What is the chance that 2 scanned licence plates from 2 different cameras are from the same vehicle?

40 Views Asked by At

Suppose I have to ANPR (automatic number plate recognition) cameras, which scan licence plates of vehicles. Most of the scanned vehicles have licence plates containing 6 characters, but some have a different number. Also, the scans are not done optimal, so the result of the ANPR software is a list of characters of the licence plate and for each character a probability that this is the correct character.

For example, if a camera gives me the result ['A', 'B', 'C', '1', '2', '3'] and [0.89, 0.78, 0.94, 0.56, 0.78] then the chance that the first character is an A is 89% and that it isn't an A is 11%, the chance that the second character is a B is 78%, etc.

Suppose I get 2 results in a format like this of licences with the same length (same amount of characters) from 2 different cameras, how do I calculate the chance that it is the licence plate from the same vehicle?

And second, how do I calculate the chance that it is the licence plate from the same vehicle if the lengths of the results from the 2 different cameras is not the same? This can happen for example when one character is missed by a camera.

1

There are 1 best solutions below

1
On BEST ANSWER

The second question is a combinatorics hell, and you should make several assumptions as @TonyK mentioned in the comments to even start to tackle the problem. I will try to answer the first, which also requires several assumptions to be made but is much easier to answer.

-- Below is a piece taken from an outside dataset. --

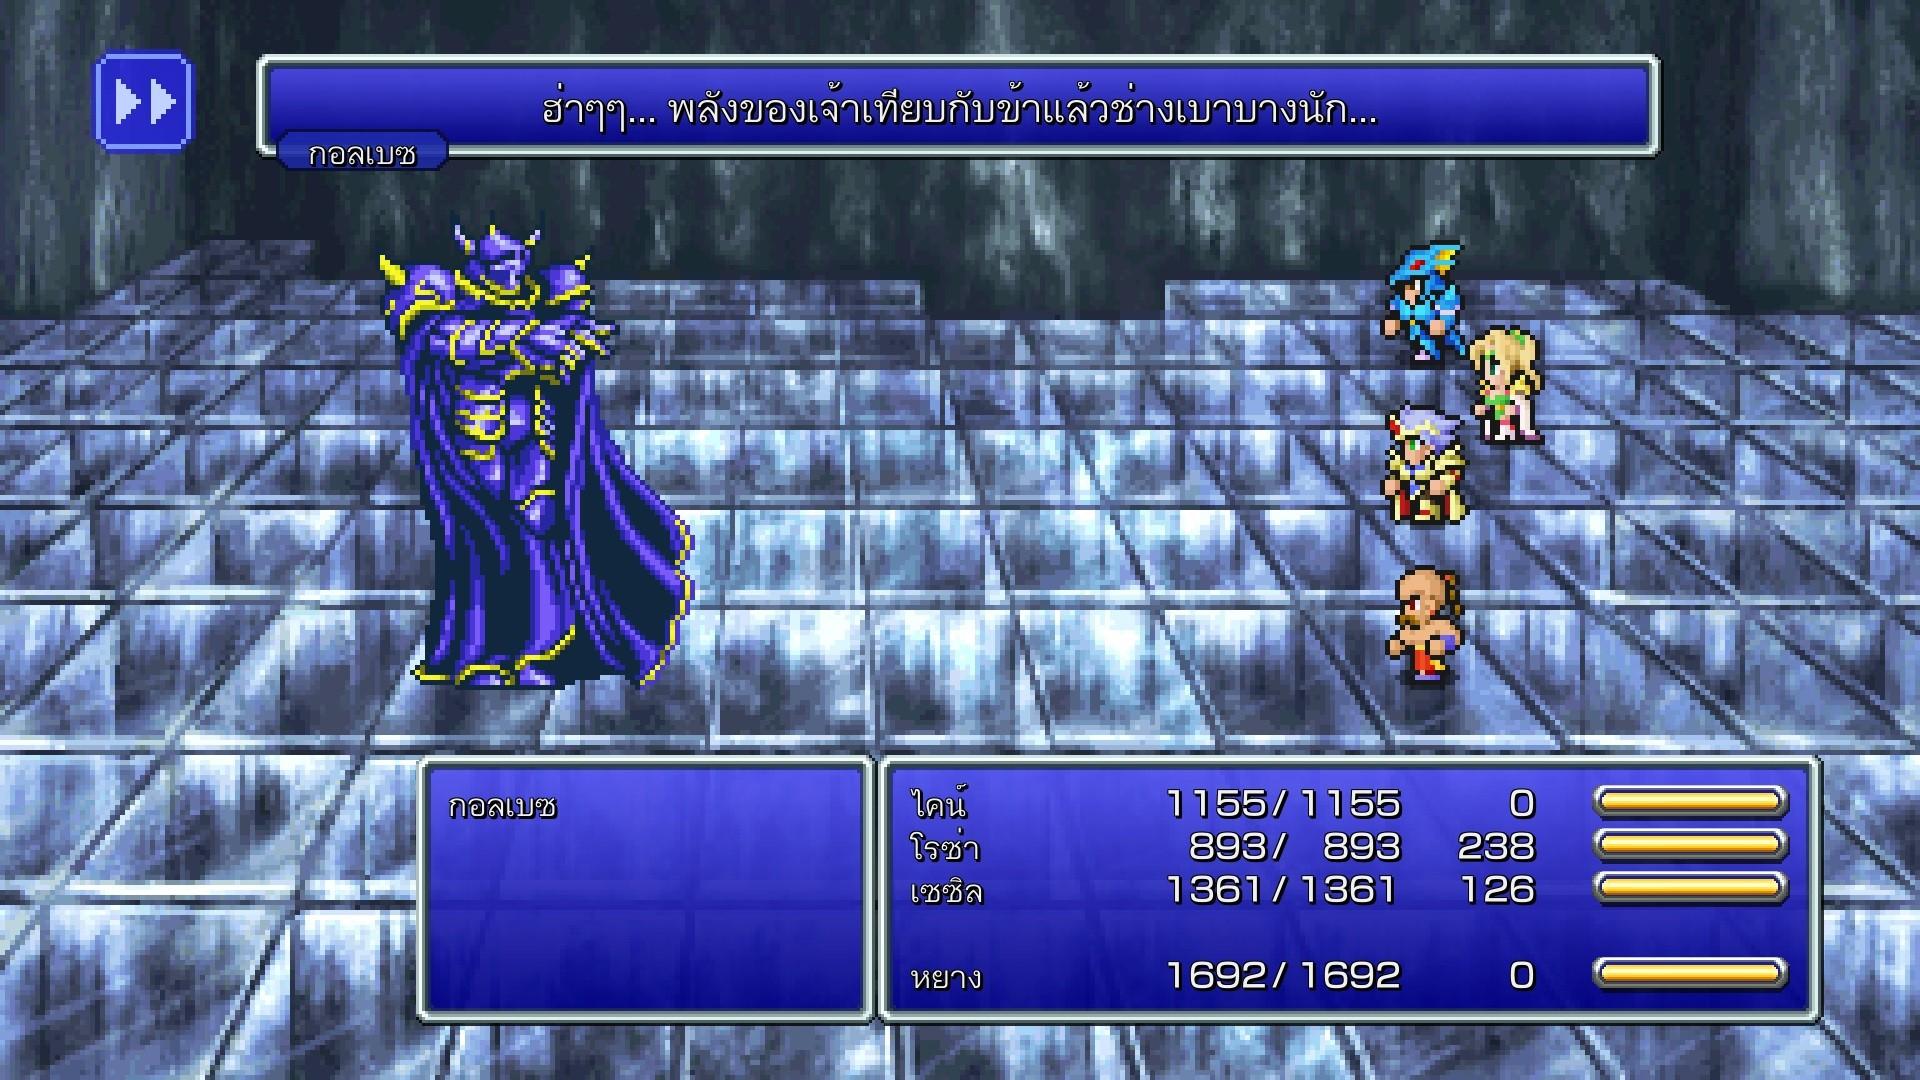 Final Fantasy IV Pixel Remaster 2582021 4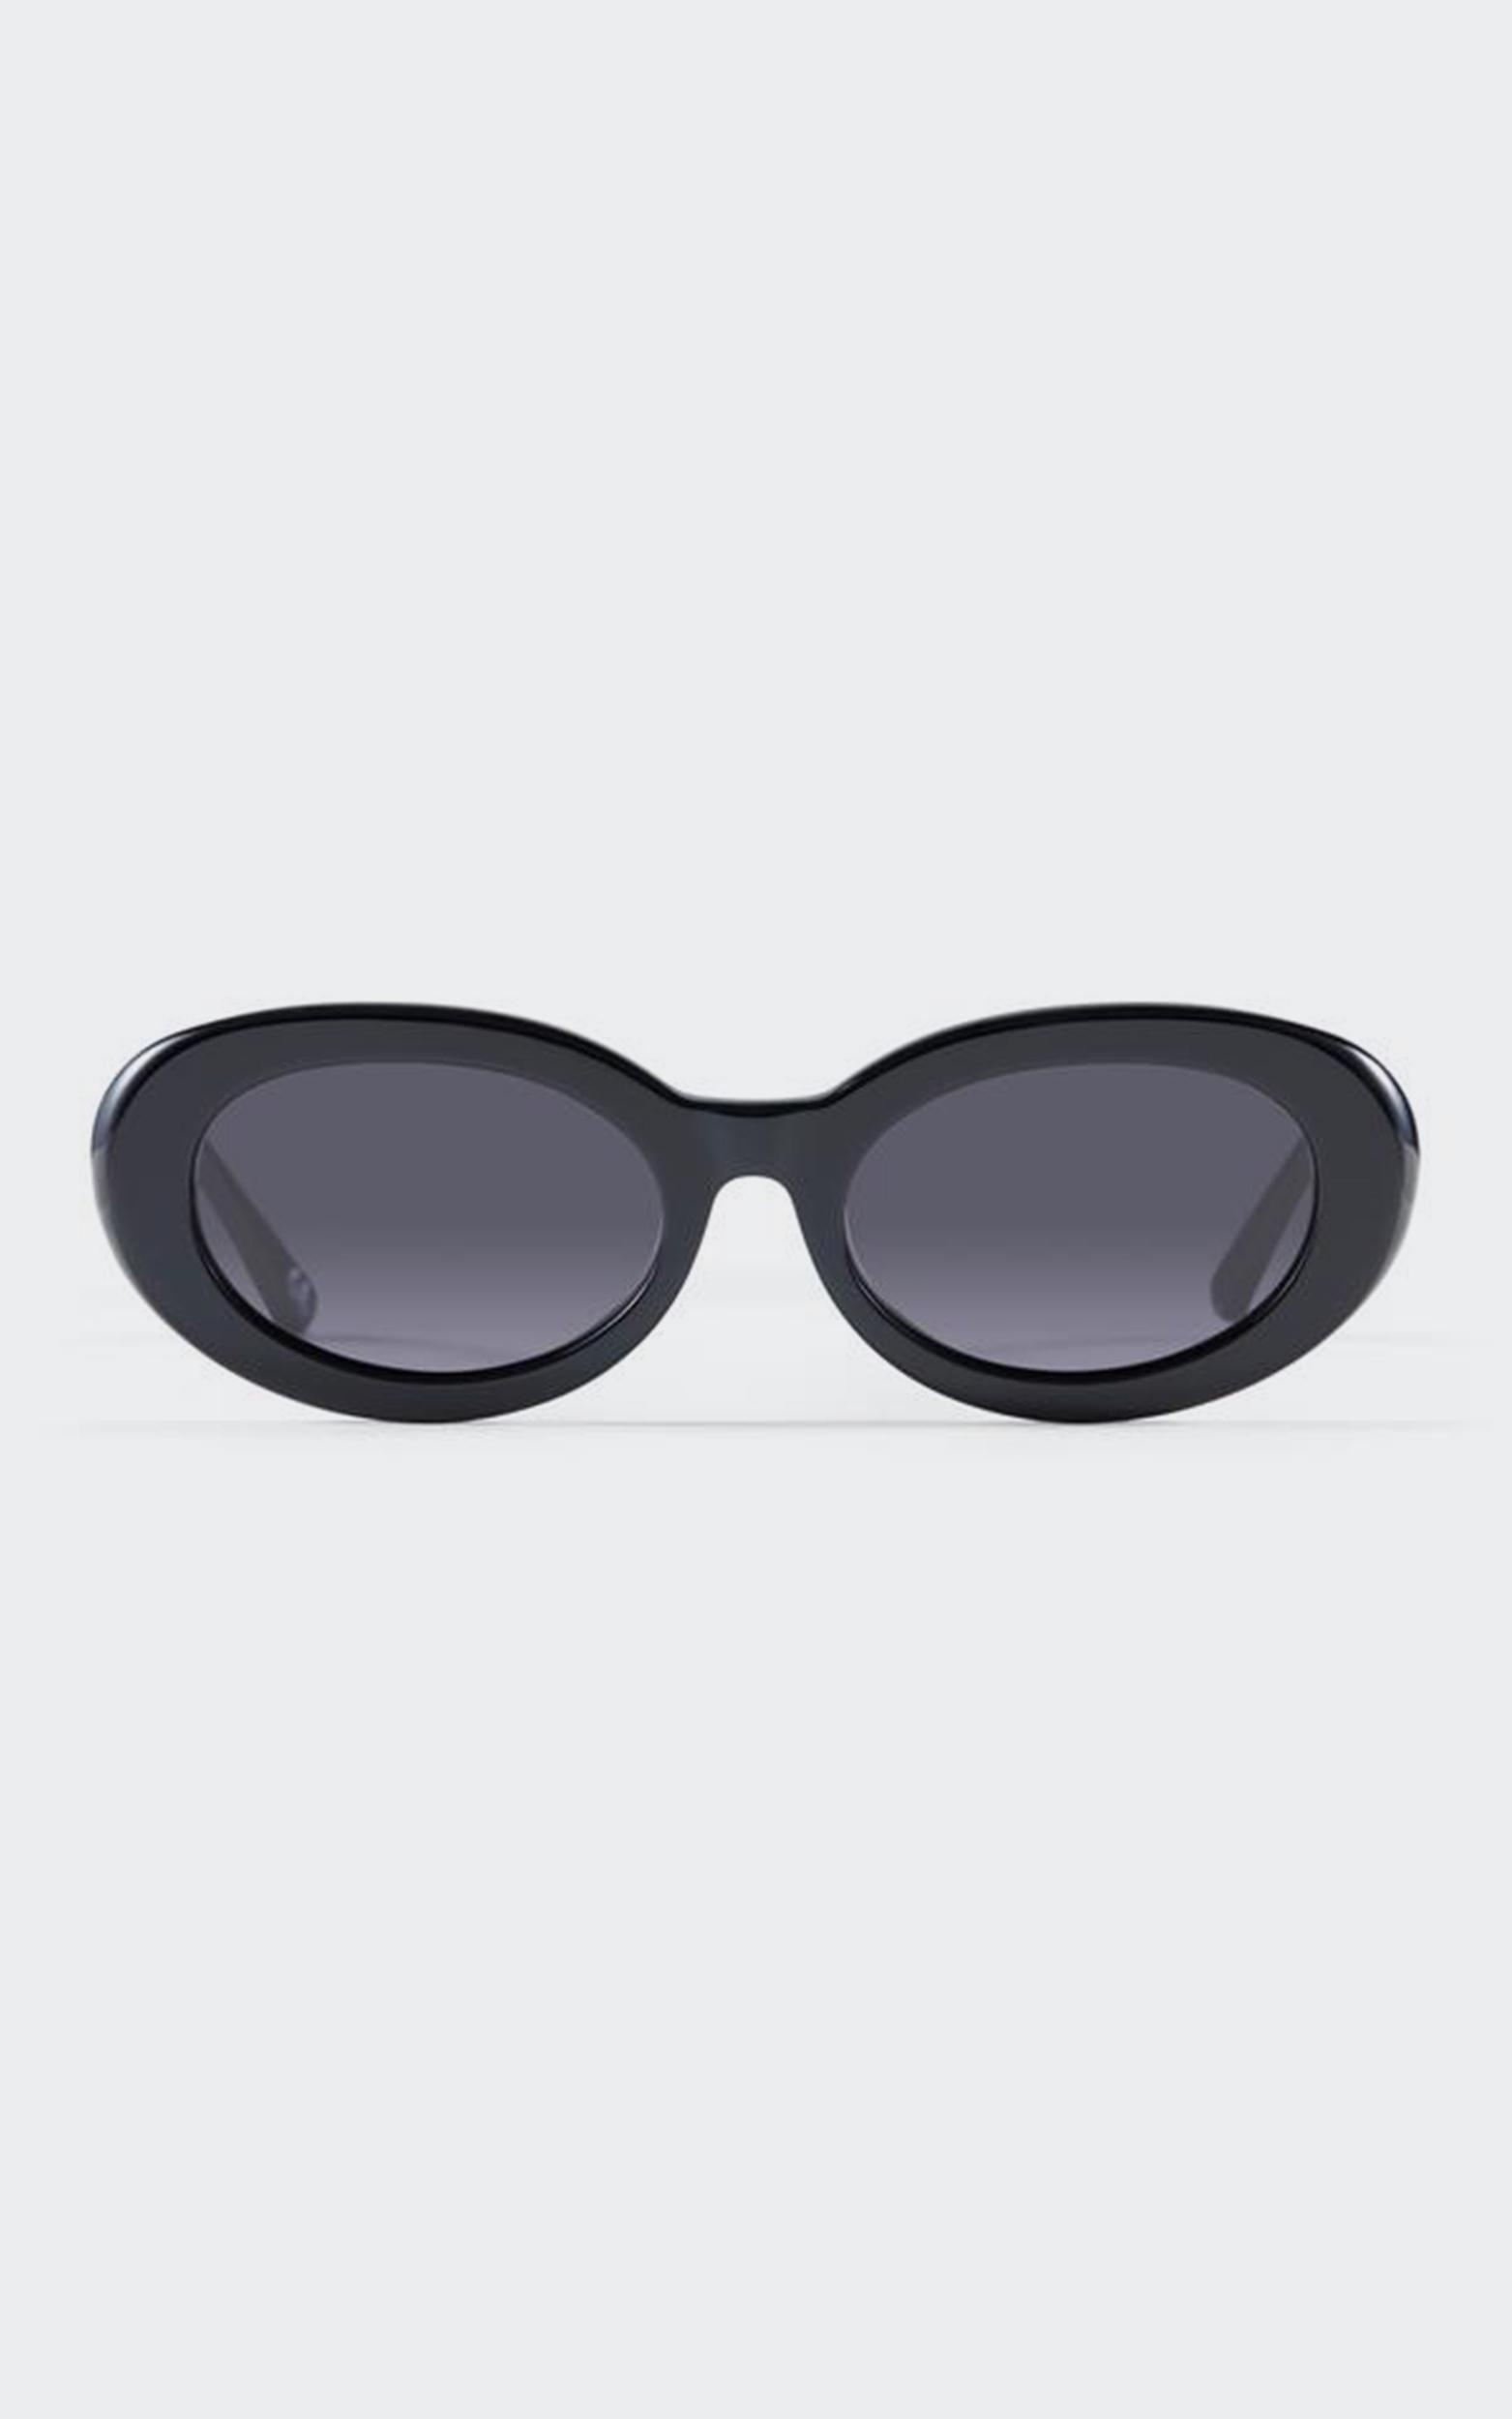 Luv Lou - The Estelle Sunglasses in Jet Black, Black, hi-res image number null

Let's say a license plate is composed of $n$ characters. You observe license plates in the wild, which are samples from the random vector $\boldsymbol{C} = (C_1, \ldots, C_n)$, corrupted by your devices/detectors (the software of the cameras). That is, the sample $\boldsymbol{c} = (c_1,\ldots,c_n)$ may be corrupted by camera A and what you get is $\boldsymbol{c}^A = (c_1^A,\ldots,c_n^A)$, and if it is corrupted by camera B you get $\boldsymbol{c}^B = (c_1^B,\ldots,c_n^B)$. You want to know if, given two corrupted samples $\boldsymbol{x}^A$ and $\boldsymbol{y}^B$, they come from the same original, true sample. That is, you want to compute: $$P(\boldsymbol{x} = \boldsymbol{y} | \boldsymbol{x}^A, \boldsymbol{y}^B)$$

We can express this differently by iterating through the values the random vector $\boldsymbol{C}$ can take: \begin{align} P(\boldsymbol{x} = \boldsymbol{y} | \boldsymbol{x}^A, \boldsymbol{y}^B) &= \sum_\boldsymbol{s} P(\boldsymbol{x} = \boldsymbol{s}, \boldsymbol{y} = \boldsymbol{s} | \boldsymbol{x}^A, \boldsymbol{y}^B) \\ &= \sum_\boldsymbol{s} P(\boldsymbol{x} = \boldsymbol{s} | \boldsymbol{x}^A) P(\boldsymbol{y} = \boldsymbol{s} | \boldsymbol{y}^B) \\ &= \sum_{s_1,\ldots,s_n} P((x_1,\ldots,x_n) = (s_1,\ldots,s_n) | \boldsymbol{x}^A) P((y_1,\ldots,y_n) = (s_1,\ldots,s_n) | \boldsymbol{y}^B) \\ &= \sum_{s_1,\ldots,s_n} \prod_i P(x_i = s_i | x_i^A)P(y_i = s_i | y_i^B) \end{align} We have made two assumptions here. First (second equality), that the observations $\boldsymbol{x}$ and $\boldsymbol{y}$ are independent (which may not be the case, since observing a set of plates with one camera constrains what the other will likely see, for example if they are near each other cars that appear in one might appear in the other). Second (last equality), that the individual characters in a plate are independent from each other (that might also be false, since plate numbers are generally assigned sequentially).

Now, we need to know $P(x_i = s_i | x_i^A)$, that is, the probability that the true $i$-th character is $s_i$ given that the observed $i$-th character is $x_i^A$. The best way to do that would be to calibrate these values running the system on an annotated dataset. However, we already know $P(x_i = s_i | x_i^A)$ when $s_i = x_i^A$ because that's the score your algorithm returns for character $i$. For the other cases we can make the (yet another!) assumption that the probability is equally distributed among them. That is: $$P(x_i = s_i | x_i^A) = \begin{cases} \text{score}_A(i)\quad &\text{if } s_i = x_i^A\\ \frac{1-\text{score}_A(i)}{M-1}\quad &\text{otherwise} \end{cases}$$

Here $M$ is the size of the character set. The same reasoning applies to $P(y_i = s_i | y_i^B)$. Naturally, this is not amenable to be calculated by hand on a piece of paper, but you can easily embed the computation in your software.